Gas Explosion at Cadeby Main

January 1912

Mexborough & Swinton Times, January 27th 1912.

Gas Explosion at Cadeby

Narrow Escape By Datallers

Some what sensational rumours were circulating early on Saturday morning January 20th 1912, respecting an explosion of gas at the Cadeby Main Colliery, but fortunately the effects of the accident was of much less serious consequence than was at first supposed.

It appears that at twenty past six in the morning, four datallers were working in the South district of the mine, at a point where a `gob fire´ had been recently subdued, when one of them named John Hill, of Clifton Street, noticed a little fire on one of the supporting bars, another dataller named Gregory, dashed a bucket full of water at it, but on the same instant it ignited a small accumulation of gas in a hollow of the roof, which had been inaccessible for testing purposes. There was a flash about three feet long and an explosion with it, however but only a slight concussion.

Hill, who was standing upright near the centre of the mischief, was rather extensively burned about the head, neck and shoulders, a dataller named William Thompson, of 72 Bank Street, Mexborough, was also burned. Gregory threw himself down onto the floor, and escaped the full force of the flash and blast of the explosion, and he and the remaining dataller were but slightly burned, and were able to proceed home. Hill and Thompson however, were conveyed in the colliery ambulance to the Fullerton Hospital, where they were detained, but the doctor reports that unless complications set in they should recover rapidly.

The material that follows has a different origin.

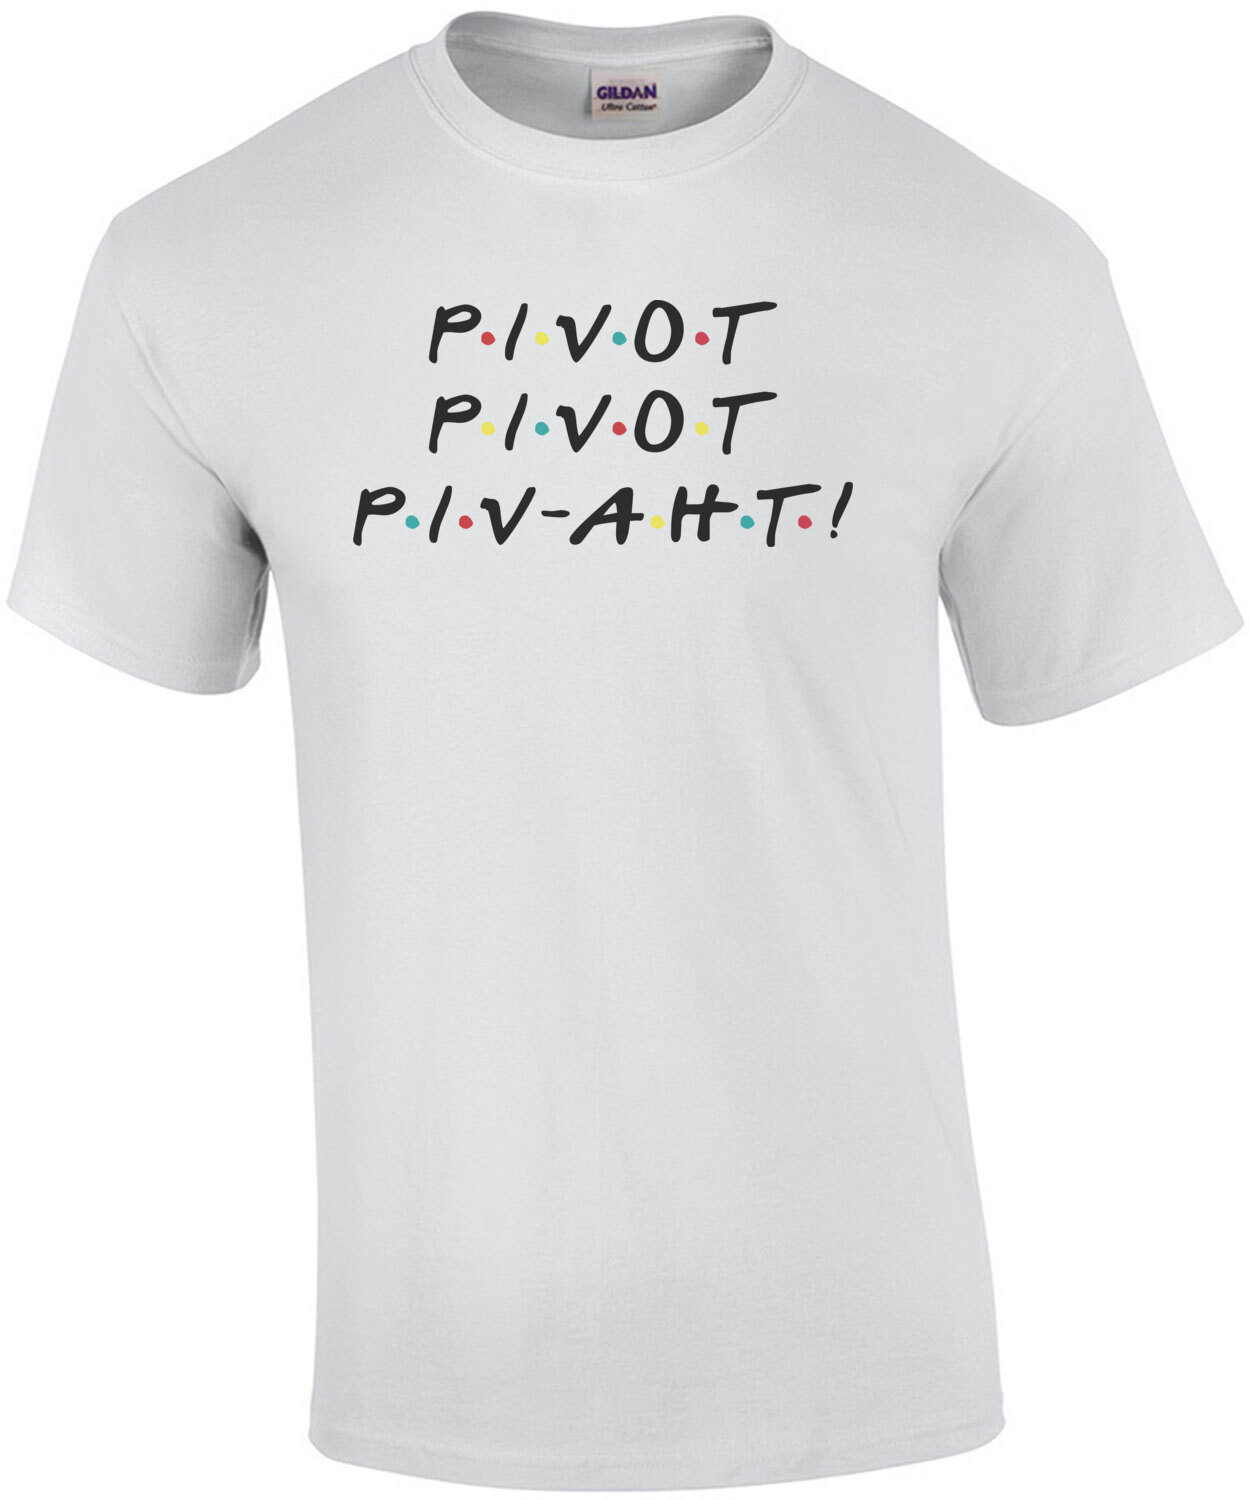 Pivot - Pivot - Pivaht - funny friends 90's t-shirt

Mr. W.H. Chambers, Managing Director of the Denaby and Cadeby Collieries, was early at the scene of the accident, the `gob fire´ which is presumed to be the cause of the accident, is practically subdued, and there remains nothing but the heat, which is gradually being driven out of the workings. At the time of the accident the temperature was a degree short of the hundred.

The affair caused a considerable sensation in the district, and on that account Mr. Chambers readily supplied an official account of the accident.